Neural Language Taskonomy: Which NLP Tasks are the most Predictive of fMRI Brain Activity?
Subba Reddy Oota, Jashn Arora, Veeral Agarwal, Mounika Marreddy,, Manish Gupta, Bapi Raju Surampudi

TL;DR
This study investigates how representations learned from ten NLP tasks can predict brain activity during language comprehension, revealing task-specific neural encoding patterns and cognitive insights across brain regions.
Contribution
It introduces transfer learning from multiple NLP tasks to predict fMRI responses, highlighting the differential impact of syntactic and semantic tasks on brain activity.
Findings
Coreference resolution, NER, and syntax parsing explain more variance in reading activity.
Paraphrasing, summarization, and NLI better predict listening activity.

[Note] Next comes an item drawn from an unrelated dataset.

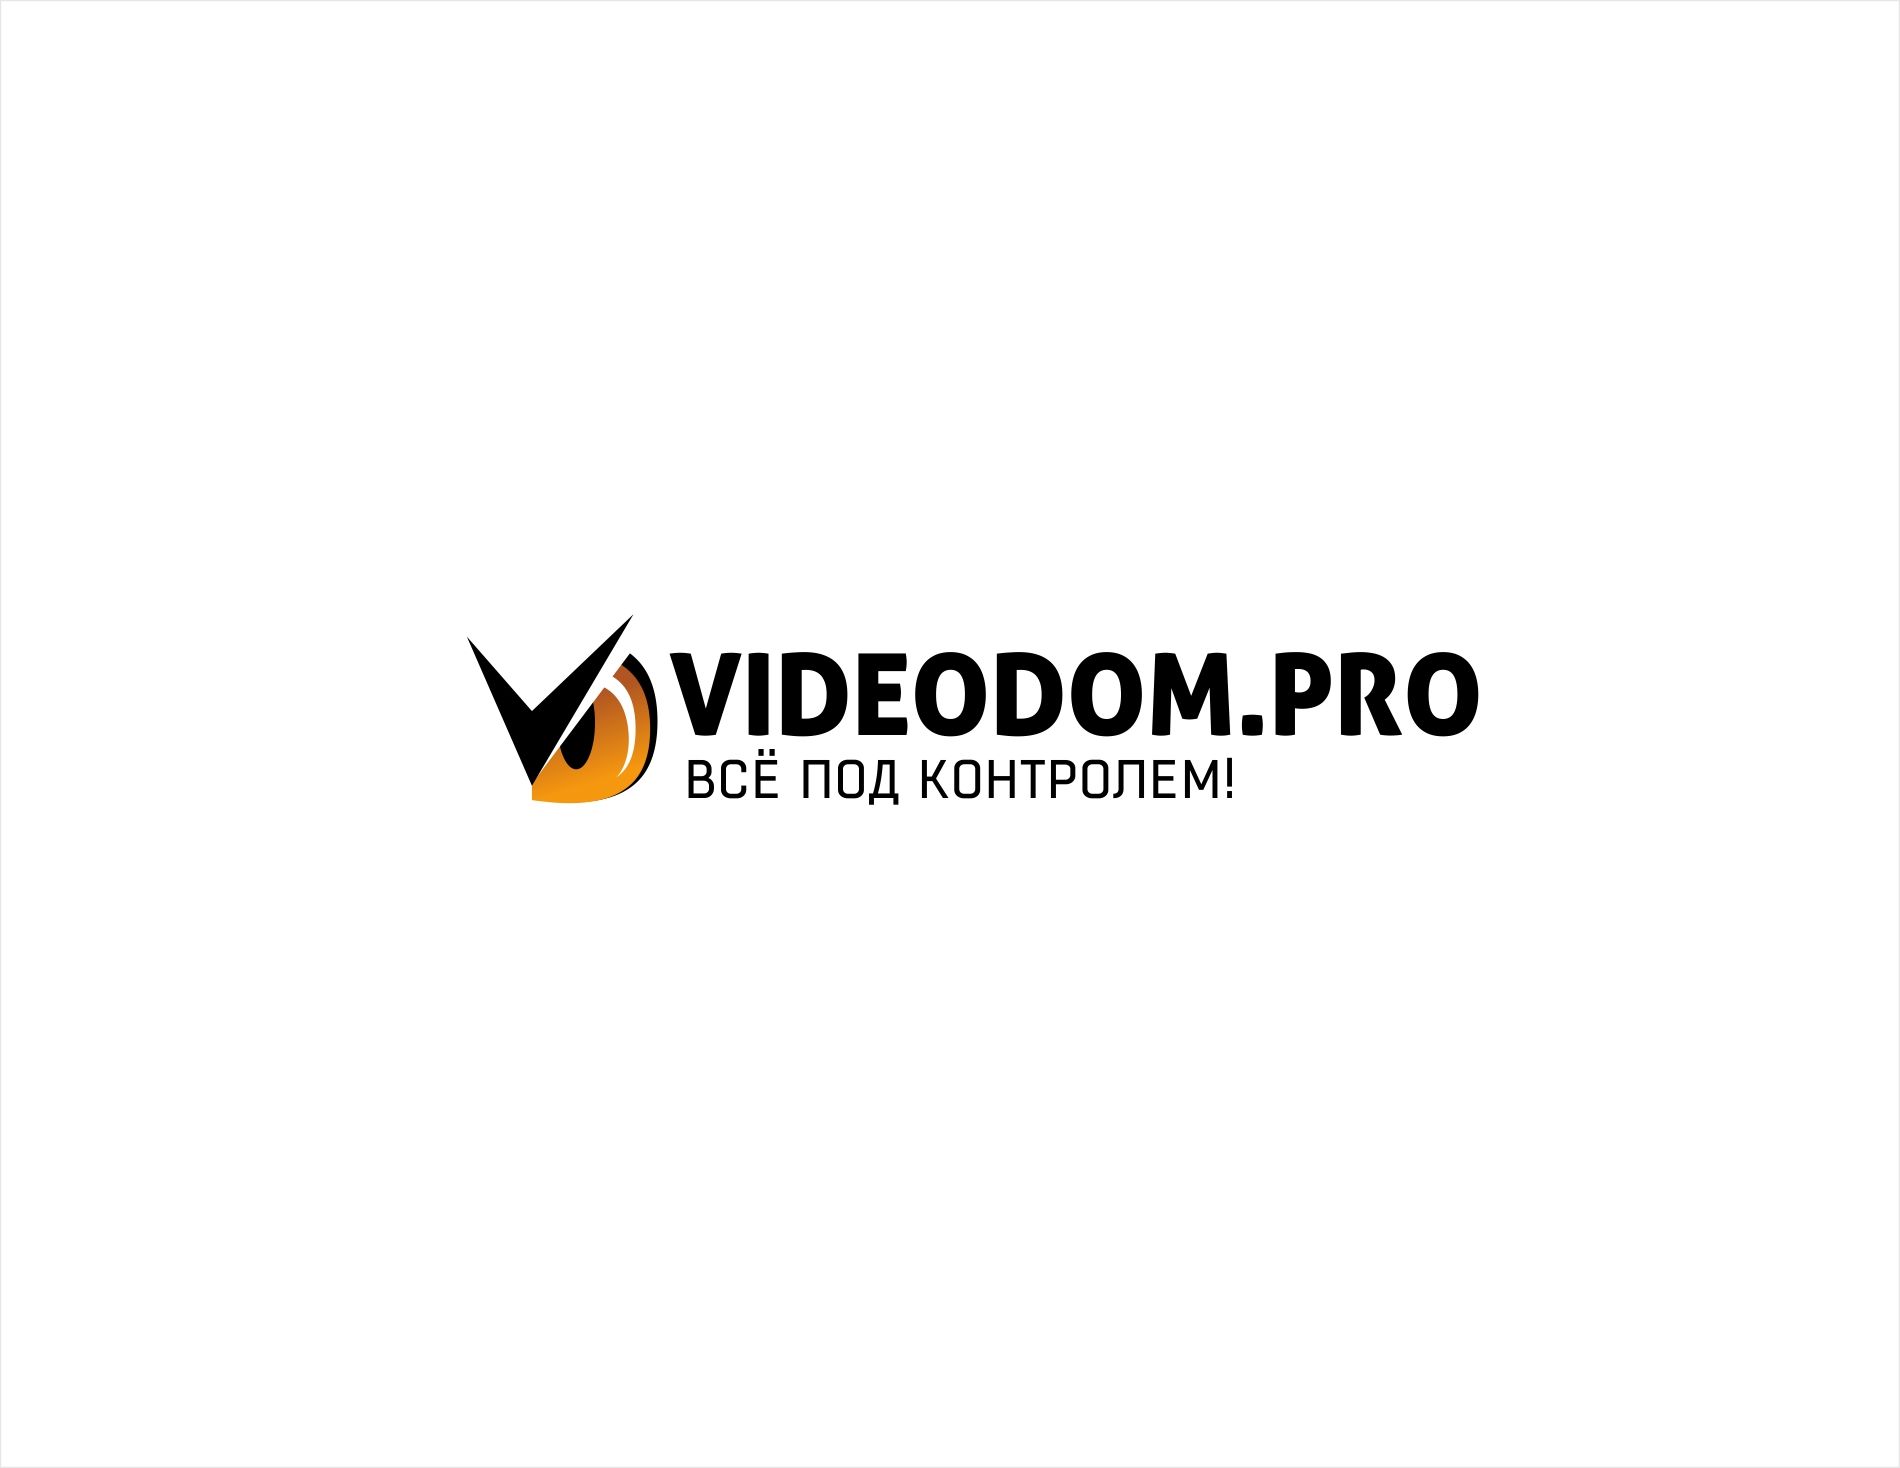 Логотип для videodom.pro - дизайнер kras-sky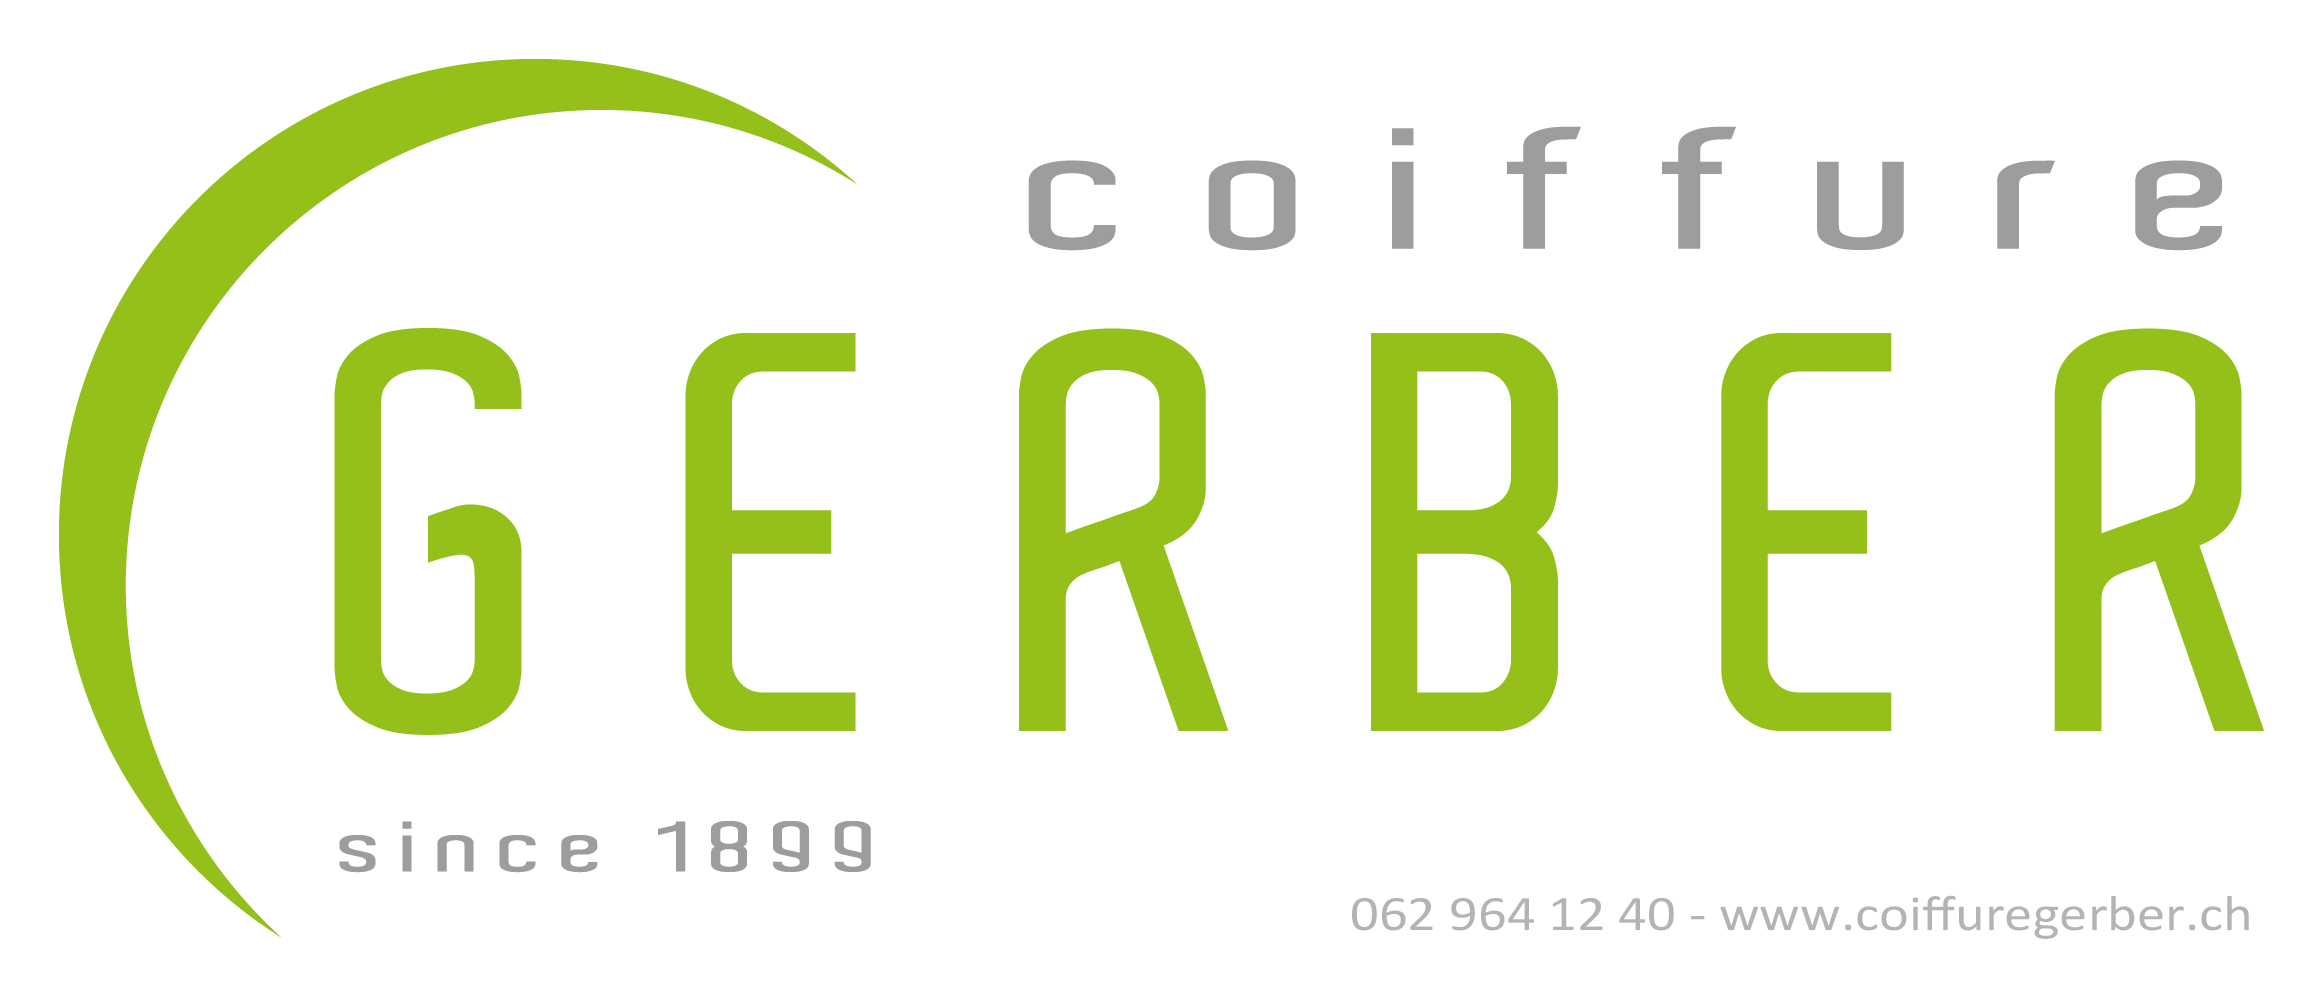 Logo Coiffure Gerber def 1

Left hemisphere shows higher predictive activity across tasks.
Abstract
Several popular Transformer based language models have been found to be successful for text-driven brain encoding. However, existing literature leverages only pretrained text Transformer models and has not explored the efficacy of task-specific learned Transformer representations. In this work, we explore transfer learning from representations learned for ten popular natural language processing tasks (two syntactic and eight semantic) for predicting brain responses from two diverse datasets: Pereira (subjects reading sentences from paragraphs) and Narratives (subjects listening to the spoken stories). Encoding models based on task features are used to predict activity in different regions across the whole brain. Features from coreference resolution, NER, and shallow syntax parsing explain greater variance for the reading activity. On the other hand, for the listening activity, tasks…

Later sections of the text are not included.